Opinion

How the Democratic Party quit being wimpy

The Democratic Party released its 2016 platform — and it reveals a lot about its new bold spirit

The Democratic Party has completed work on its 2016 platform, and though there may be a few changes before it gets ratified at their convention, the major provisions are clear. What's also clear is that this is the most progressive platform the party has ever produced. Many people have noted in recent years how far the Republican Party has moved to the right; it's clear that the Democratic Party is also moving to the left. But more importantly, Democrats are no longer acting like they're ashamed of what they believe.

Let's look at some of what this year's platform will be advocating:

  • An increase in the minimum wage to $15 an hour, indexed to inflation
  • Abolishing the death penalty
  • Breaking up banks that pose a systemic risk to the economy because of their size
  • A "multi-millionaire surtax," an increased estate tax, and what sounds like a new version of the "Buffett Rule," which would impose a minimum tax on those with very high incomes
  • An increase in Social Security benefits
  • Allowing either a Medicare buy-in or some other form of "public option" in health coverage
  • A call for America to get half of its energy from clean sources in 10 years, and all of its energy from clean sources by the middle of the century
  • The repeal of the Hyde Amendment, which forbids the use of federal funds for abortions
  • Support for states legalizing marijuana, though not federal legalization

That all sounds like a smashing victory for Bernie Sanders, and with the exception of Cornel West (who abstained), all of Sanders' representatives on the committee voted in favor of this version of the platform. Sanders himself issued a statement saying that while there are some good things there, he wanted more, like a ban on fracking, a carbon tax, and opposition to the Trans-Pacific Partnership (Clinton has come out against the TPP, but it didn't make it into the platform). Which is to be expected, if Sanders' role now is to keep pushing the party to the left no matter how far it actually moves.

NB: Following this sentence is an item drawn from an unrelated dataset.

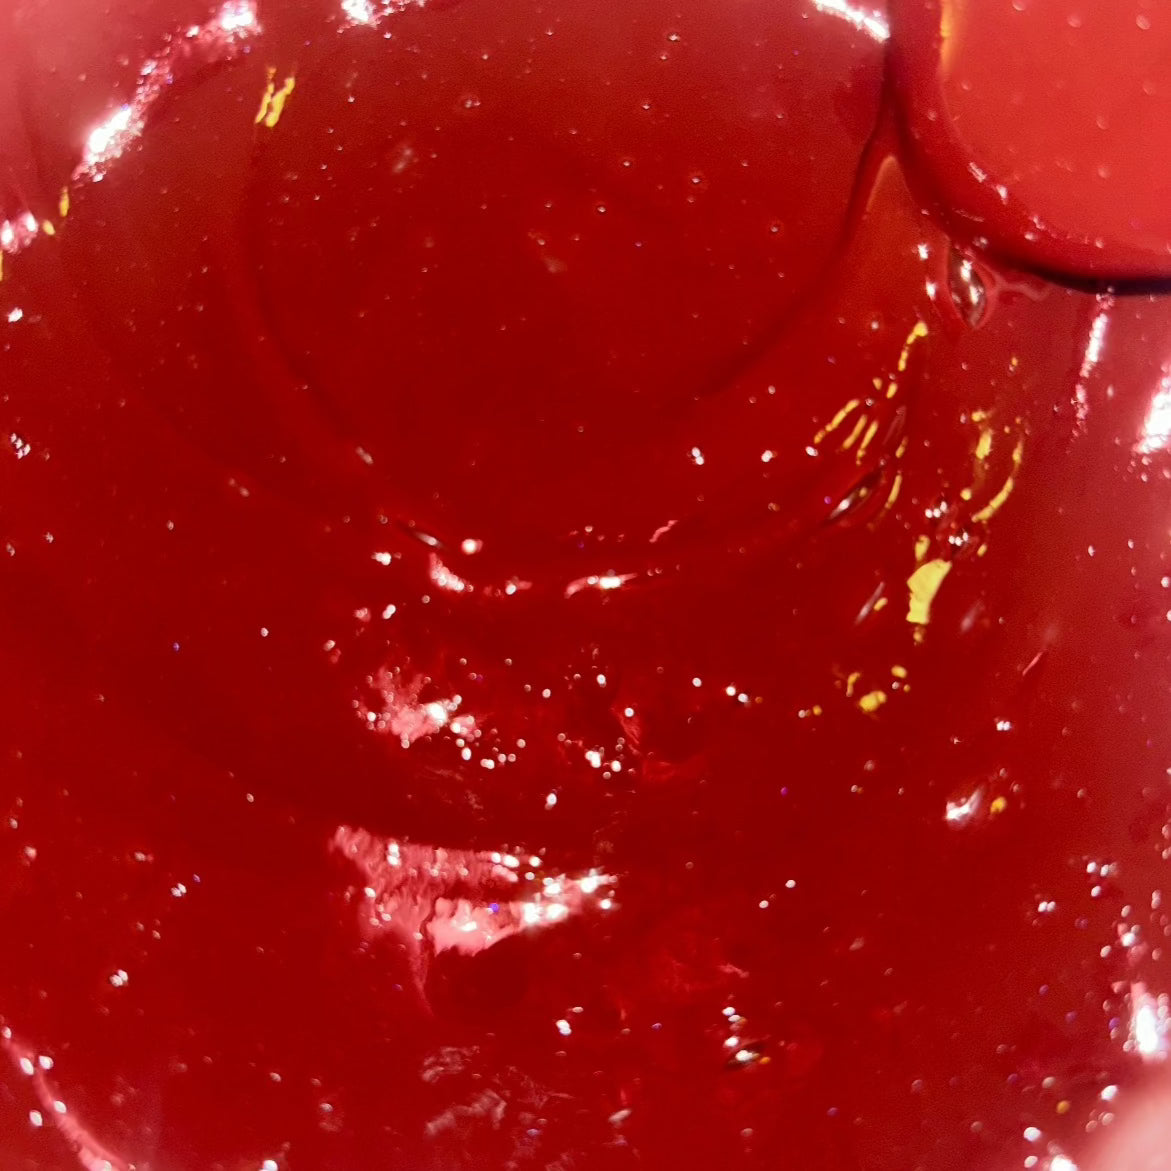 cherry deep red lip gloss swatch making

But it would be absurd to deny that it has in fact changed. And much of the movement comes in the form of taking what Democrats already believed and being more emphatic about it. The repeal of the Hyde Amendment, for instance, demonstrates that Democrats aren't going to be apologetic about abortion rights; perhaps after watching the comprehensive war on those rights Republicans have waged in recent years, Democrats are finally fed up with the "safe, legal, and rare" language Bill Clinton used and are more willing to be forthright about abortion.

In other areas, the platform has taken what were already consensus or at least majority positions among Democrats, like abolishing the death penalty or (sort of) supporting marijuana legalization, and saying them out loud. In other words, Democrats may move to the left, but what's really striking is how much more confident they seem in their own views.

Look at the recent sit-in in the House of Representatives over gun legislation. After two decades of living in fear of the NRA and hoping nobody would bring up guns, Democrats are now ready not only to advocate new legislation but to use the issue against their opponents. To anyone who knows how timid they've been on this issue, the change is remarkable.

Perhaps this new confidence comes from Democrats' understanding that they have majority support in the country, and simultaneously realizing that there's little they can do to win over the voters who despise them, particularly in the South. After years of approaching conservative white voters on their knees — Watch, I'll go hunting! I'll go to a NASCAR rally! Will that make you happy? — Democrats have decided that they don't really need those voters, and they'd do better to serve the people who might actually vote for them.

That's possible because there are fewer and fewer Democrats who actually depend on those voters to get elected. It's a story of our country's polarization, which has its roots in the party realignment that began in the 1960s. After Lyndon Johnson signed the Civil Rights Act, he told his press aide Bill Moyers, "I think we just delivered the South to the Republican Party for a long time to come." And he was right — conservative Southern whites who had been Democrats since the Civil War began to migrate to the Republican Party, eventually pushing moderate Republicans out. There remained a few white Southern Democratic politicians, but fewer and fewer with each passing year.

As this sorting process proceeded, the parties grew farther apart. But for a long time, particularly since the 1980s, the Democrats slowly got more liberal, while the Republicans rapidly got more conservative (you can see change in these graphs charting polarization in Congress). At this point it's hard to imagine how the GOP could get any more conservative unless it started advocating burning witches at the stake. Republicans' growing ideological extremism may have freed Democrats up to be themselves without worrying about whether they might alienate some white guy from Alabama whose vote they were never going to win anyway. And the spreading understanding of the Democrats' demographic advantage — where they have strong support among most of the groups whose proportion of the population is growing — serves to make them even more bold.

Bernie Sanders may be able to take some of the credit for a Democratic Party platform that's more liberal than ever before. But the truth is that it would probably have happened with or without him. Democrats may have ground to make up in Congress and on the state level, but more so than in an awfully long time, they know who they are and what they believe, and they aren't scared anymore to say it.